NOITE CHUVOSA
O ruído que o salto de seus calçados produzia, ao tocar o asfalto úmido naquela noite chuvosa, ecoava cada vez mais alto por toda a extensão daquela rua deserta. A madrugada começava, e apesar dela não enxergar uma viva alma por ali, ainda assim, sentia aquela estranha sensação de não estar só.

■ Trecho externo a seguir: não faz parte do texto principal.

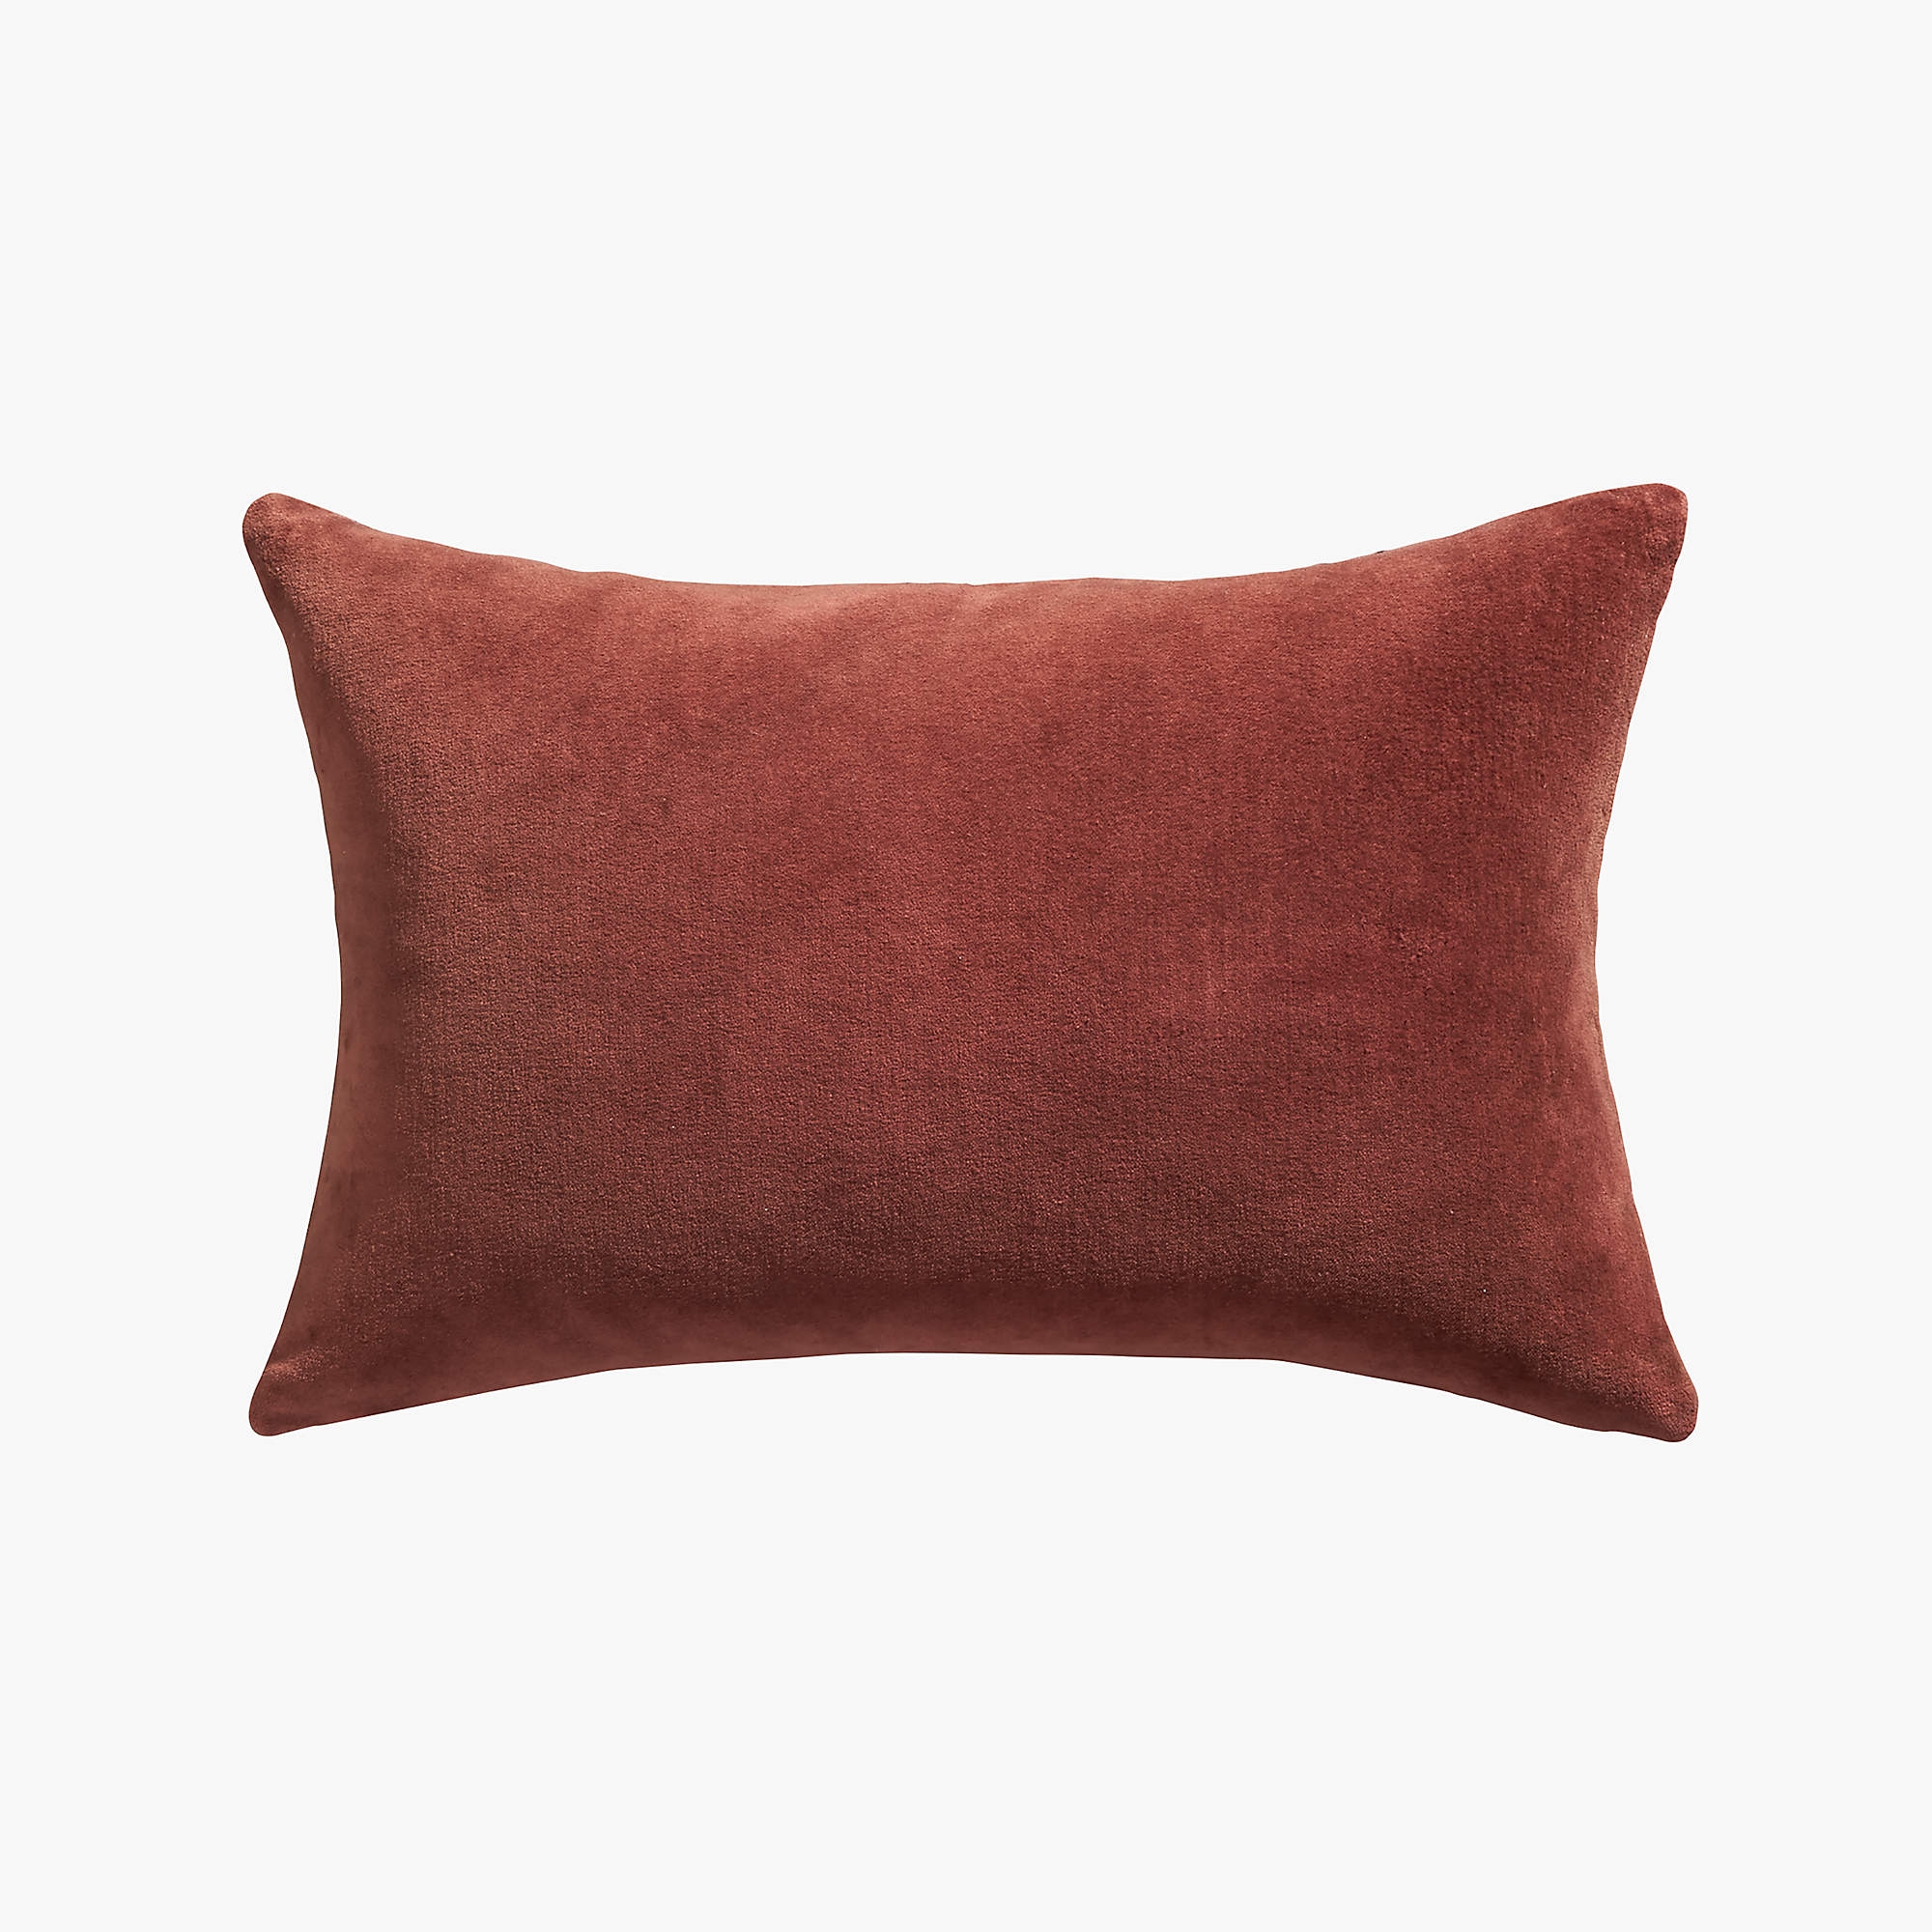 Pata Lumbar Pillow, Feather-Down Insert, 18" x 12" - Image 1

Aumentava cada vez mais o ritmo de suas passadas, estava ofegante, e apesar da noite fria, o suor gelado escorria através de seu rosto e se mesclava com a água oriunda do céu, que a atingia lateralmente, ajudada pelo vento e que ignorava a proteção que o guarda-chuva oferecia. No alto das edificações antigas, as quais davam àquela parte da cidade um tom nostálgico, e até certo ponto deprimente, estava o motivo da aflição da jovem que seguia apressada. E ela teria razões para a aflição, pois o ser que a espreitava sentia o medo que exalava de suas vítimas, isso o estimulava, ele aprimorara sua técnica através das eras, a facilidade com a qual superava o tempo, seria comparável com a que você tem para vencer as linhas deste texto. Mas, diferentemente de você, ele não era humano, não há muito tempo. Agora ele se alimenta do líquido escarlate que corre nas veias daqueles que persegue, subjuga e mata.
Instantes antes, ele entrara furtivamente pela janela que fora deixada aberta de forma descuidada, a garota que dormia tranqüila não teve tempo de reação, não viu de onde veio a mão forte, cujas garras lhe rasgaram o rosto, enquanto tapava sua boca para evitar que os prováveis gritos desesperados chamassem atenção. A discrição era essencial na rotina do ser. Os caninos salientes cravaram-se na pele tenra do pescoço da garota, logo o precioso líquido começou a descer pela garganta ressequida do ser, dois filetes escorreram e mancharam a fronha branca, formando uma pequena poça sobre o lençol. O corpo exangue da garota fora deixado sobre a cama, como um prato vazio sobre a mesa após uma refeição, e o ser noturno não aguardaria até que alguém viesse recolhê-lo.
Ainda estava faminto, o sangue da garota franzina não fora suficiente para saciar a sede infernal que lhe queimava o estômago. Sentia como se um ácido potente lhe corroesse o corpo, por isso continuara sua caçada, e a sorte estava sorrindo para ele naquela noite. A moça, que havia avistado dois quarteirões atrás, caminhava só, sua predileção pelas jovens às vezes o fazia imprudente, mas não era o caso. Do alto daquele sobrado era só esperar o momento certo. A chuva havia aumentado, talvez na mesma proporção do medo da moça que começara a correr de forma desabalada, as pastas que carregava foram ao chão, acompanhadas do guarda-chuva, o momento havia chegado.
O caçador noturno corria pelo beiral do sobrado, de forma paralela ao percurso da moça na calçada, ao notar que ela dobrara a esquerda em um beco, ele exibiu um sorriso hediondo, pois nada havia no local, além de um muro de uns cinco metros de altura e várias latas de lixo. Ele saltou do beiral, pousando no chão de forma suave, como uma folha ao vento, e ficou cara a cara com a garota.
- Calma menina. Já fiz isso inúmeras vezes, prometo que não vai doer...muito.
A jovem nada disse, em sua aflição buscou uma saída e correu na direção das latas de lixo, tentando usá-las para escalar o muro, as latas caíram e a moça foi ao chão. O emissário da morte gargalhou, exibindo suas presas imensas, em seguida saltou sobre a vítima para decretar seus últimos momentos, então caiu sobre ela e veio silêncio.
Instantes depois, o corpo paralisado do caçador foi rolado para o lado, a mulher que desde criança havia jurado vingar a morte da irmã adolescente, finalmente encontrara quem buscava, e a estaca retirada do casaco no momento certo, fora fincada no peito de seu algoz no ato do salto. Ela levantou e pisou com vontade sobre o pedaço de madeira, enterrando-o mais ainda no coração do morto-vivo e disse para si mesma:
- É verdade, não doeu nada...para mim – caminhou solitária pela noite chuvosa.